The system is less well suited, in current form, to treating small differences between individual authorities as robust performance signals. This is not a criticism of the data, but a recognition of the relationship between collection design and analytical use.
How the system could be strengthened
Most of the weaknesses identified can be addressed without increasing reporting burden, simply by changing how the data is collected rather than what is collected.
Relatively modest validation improvements would remove a large class of errors, for example preventing submission where red and amber condition exceed the total possible share, enforcing non-negativity and bounds, and introducing soft warnings for extreme spend-to-allocation ratios. Making fields that are directly used in DfT’s ratings mandatory, or requiring explicit justification when they are missing, would significantly improve completeness.
The guidance could be made more operational by explicitly specifying denominators, asset scope and financial alignment, and by including worked examples for metrics that are difficult to derive consistently, such as preventative maintenance share. Explicitly stating how each field is used by DfT would help authorities focus their effort where it matters most.

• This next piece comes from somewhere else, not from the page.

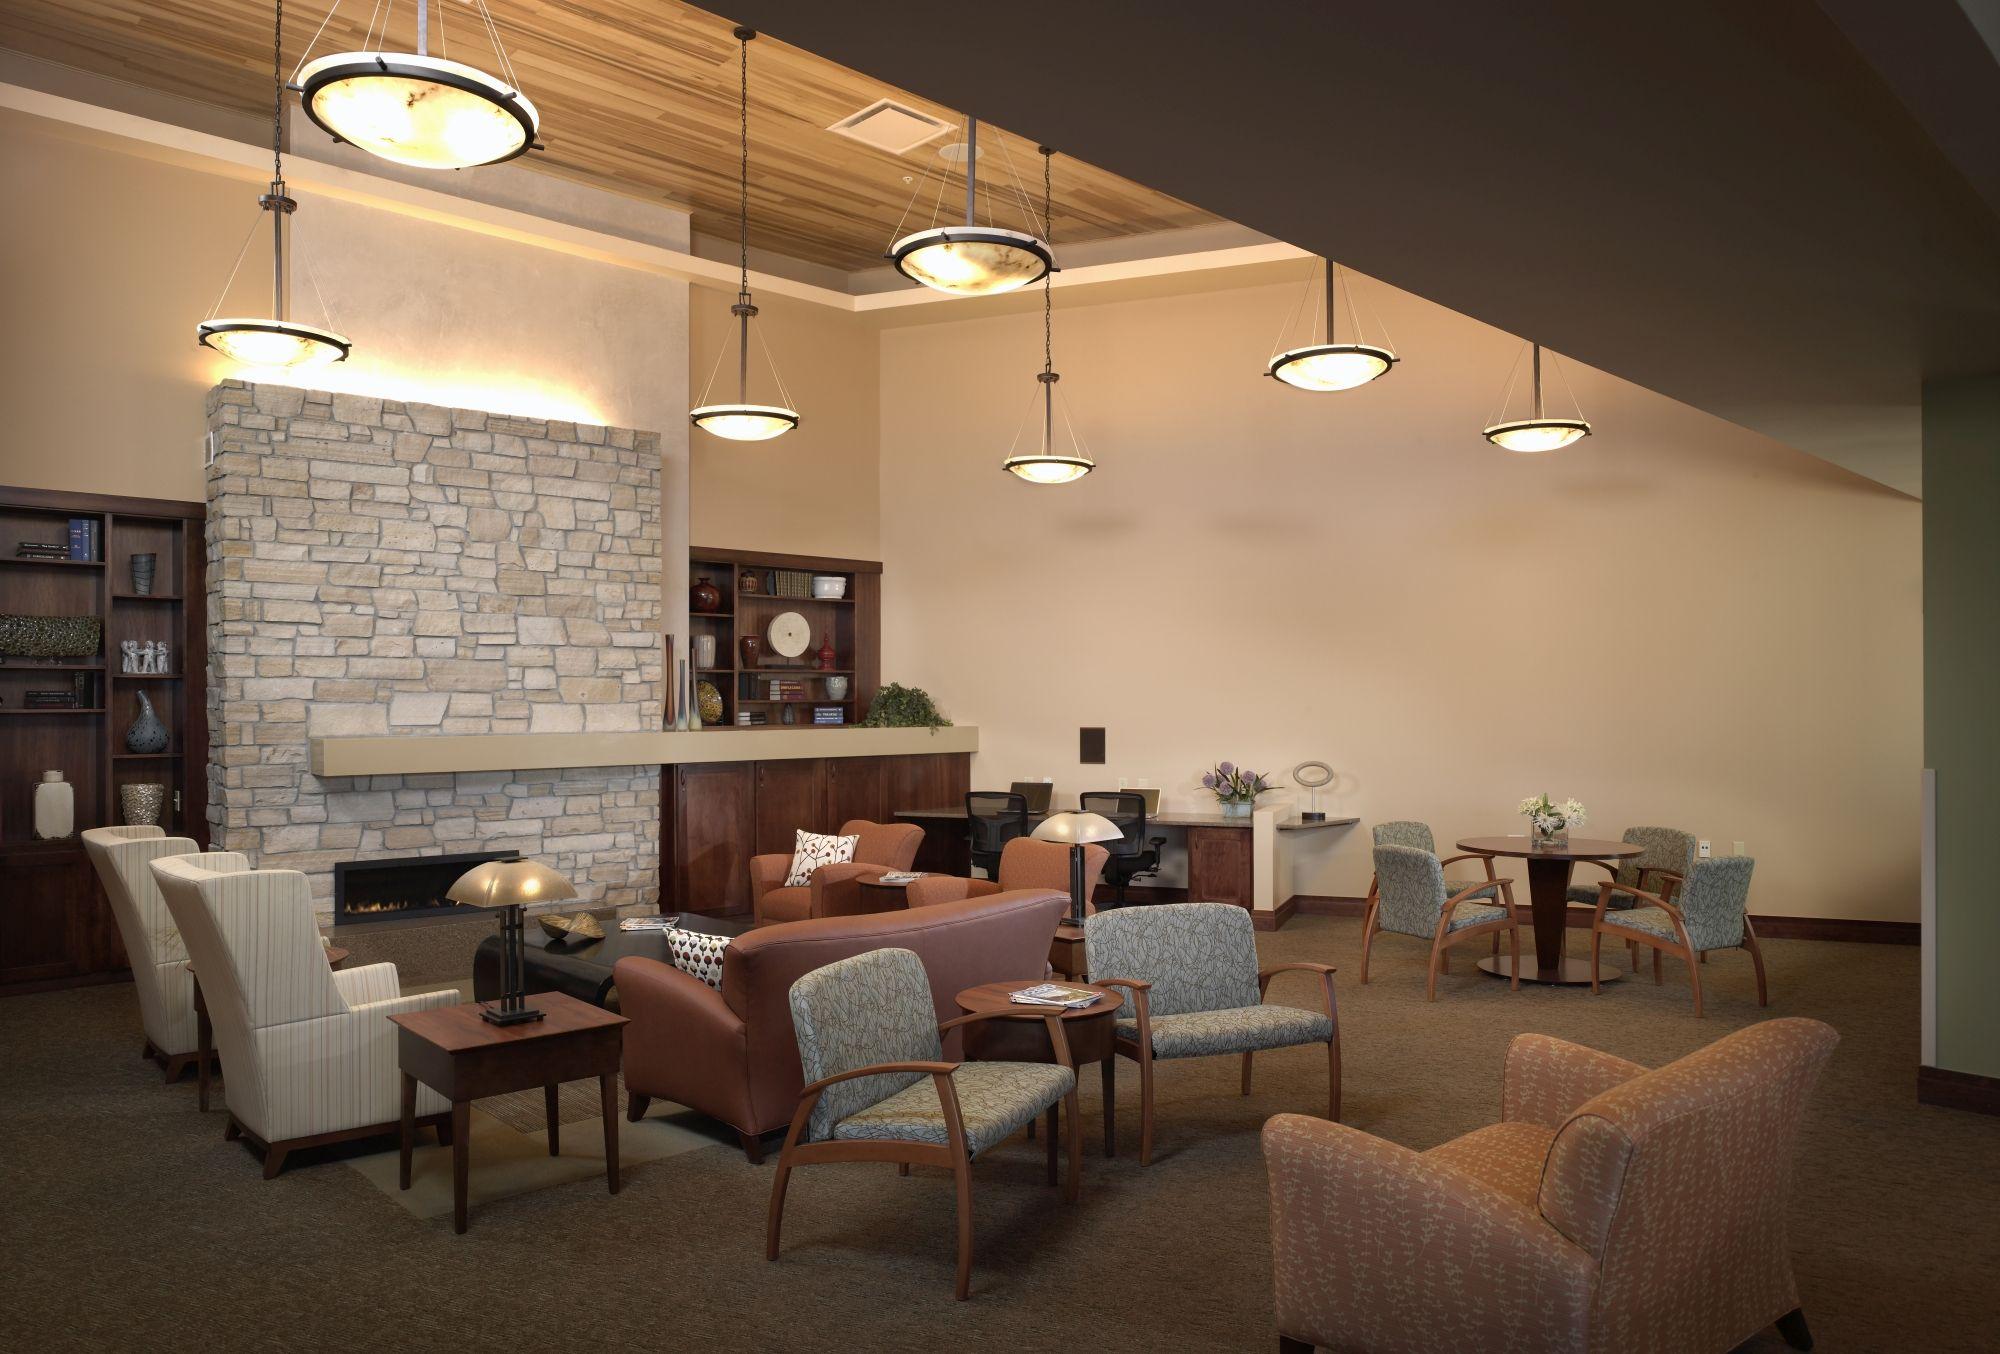 Denver Hospice Greatroom 1.jpg

Form design improvements, such as enforcing units and scale in the input itself, removing silent carry-forward without review prompts, and structuring the form to reduce partial completion, would further improve consistency without adding complexity for authorities.
Finally, relatively light-touch governance improvements, such as capturing whether values are measured or estimated, recording sign-off responsibility, and versioning the form and guidance, would make it much easier to interpret changes over time and maintain confidence in the system.
A particular opportunity: a sector standard input form
A particularly significant opportunity arises from the fact that NHT has already developed an Annex A input form, which some authorities have used successfully to publish their returns. This is built on the experience of setting up and running the largest performance benchmarking network in the sector. Where the input data feeds directly into an SQL database.
This is not a theoretical solution but a working one, already aligned with authority practice and sector norms.
Rolling this out nationally would transform the collection system with minimal additional development. It would enable validation at the right point, enforce structure and units, and dramatically reduce the burden of national aggregation, while remaining sector-led rather than centrally imposed.
Conclusion
The Transparency Returns have made an important contribution to transparency in local highway asset management. However, the current collection approach prioritises publication over evidence quality. The data quality issues observed are not primarily the result of authority behaviour, but of a decentralised, unvalidated collection model.
By modestly redesigning the collection system – particularly through standardisation and validation – DfT can substantially improve the quality, usability and credibility of the data, while reducing burden on both authorities and data users. NHT is well placed to support this transition, building on its existing tools, relationships and expertise.